Despite the disappointing late-stage results in non-small cell lung cancer, Jefferies analyst Stephen Barker contends the likelihood of FDA approval “remains high” for the experimental antibody-drug conjugate, though the regulator is now more likely to convene an advisory committee.
AstraZeneca and Daiichi Sankyo on Monday revealed detailed findings from the Phase III TROPION-Lung01 study, showing that their investigational antibody-drug conjugate datopotamab deruxtecan failed to significantly improve overall survival in certain patients with non-small cell lung cancer.
Patients on datopotamab deruxtecan (Dato-DXd) achieved mean overall survival (OS) of 12.9 months, versus 11.8 months in those treated with the chemotherapy drug docetaxel. This difference corresponded to a 6% drop in the risk of death, which was in favor of Dato-DXd but fell short of statistical significance, according to AstraZeneca.
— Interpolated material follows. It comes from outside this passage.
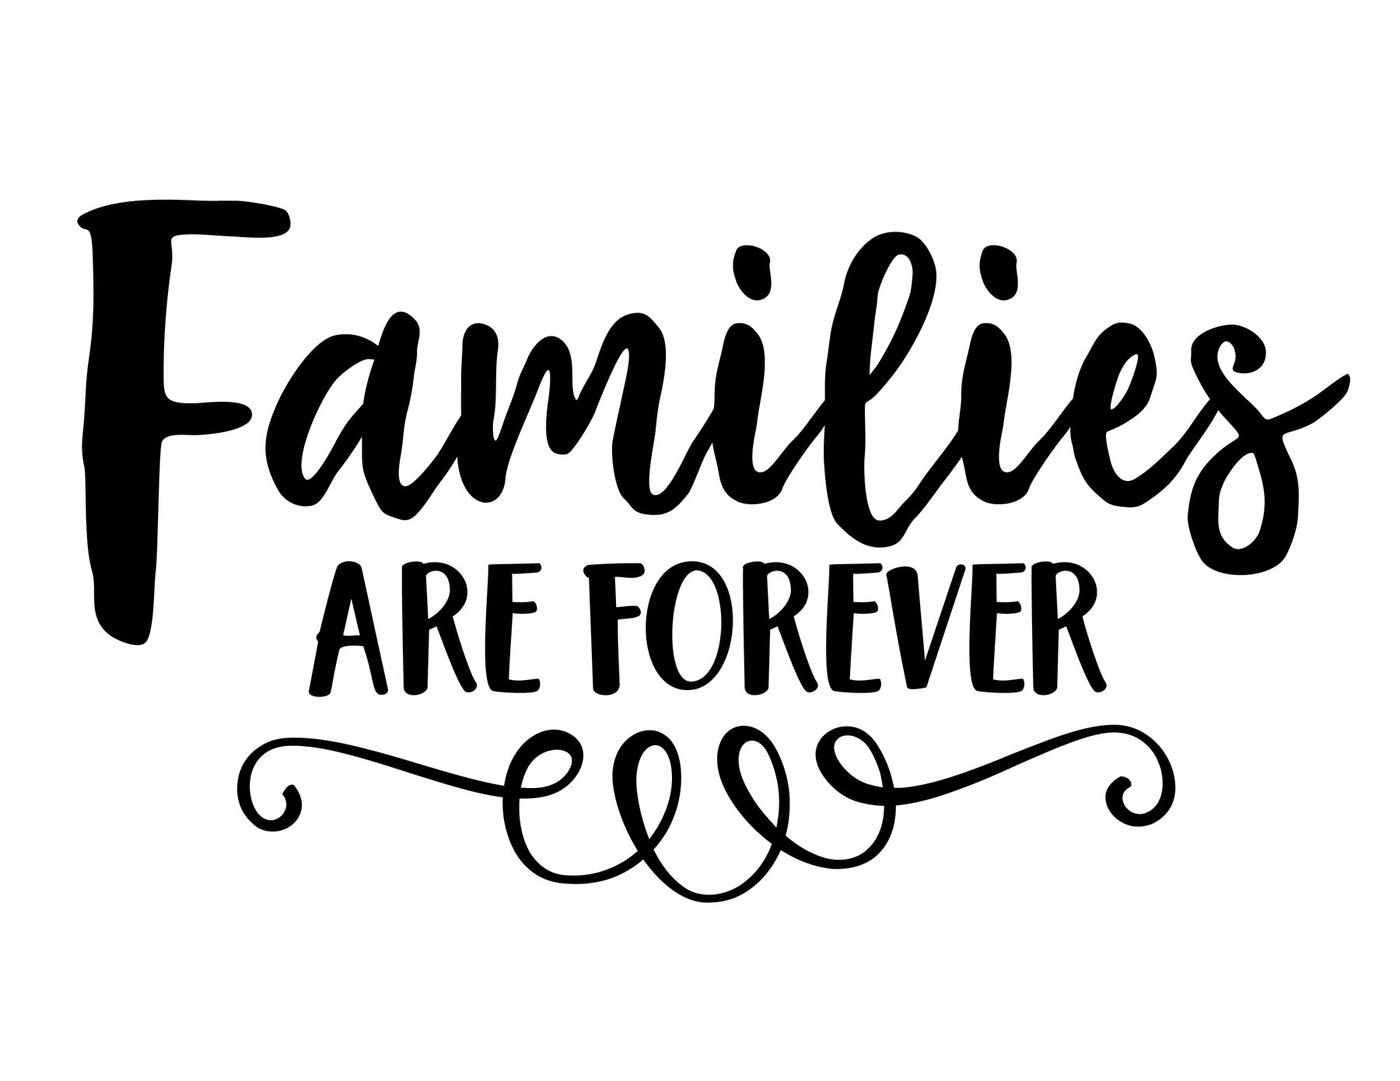 Families Are Forever Svg Cut File Png Eps Jpeg Dxf By Shannon Keyser Thehungryjpeg Com

In the subset of patients with non-squamous non-small cell lung cancer (NSCLC), Dato-DXd’s OS benefit of 16% also missed statistical significance, though this nominal improvement held up regardless of patients’ genetic mutation status.
Despite Monday’s disappointing data, Susan Galbraith, AstraZeneca’s executive vice president of oncology R&D, struck a positive note in a statement, noting that Dato-DXd still “showed a clinically meaningful trend towards improving the survival” of non-squamous NSCLC patients with advanced or metastatic disease.
“These results underscore our confidence in the important role datopotamab deruxtecan can play across segments and settings of non-small cell lung cancer,” Galbraith said.
AstraZeneca presented these findings during an oral session at the 2024 World Congress on Lung Cancer of the International Association for the Study of Lung Cancer (IASLC) and simultaneously published the data in the Journal of Clinical Oncology.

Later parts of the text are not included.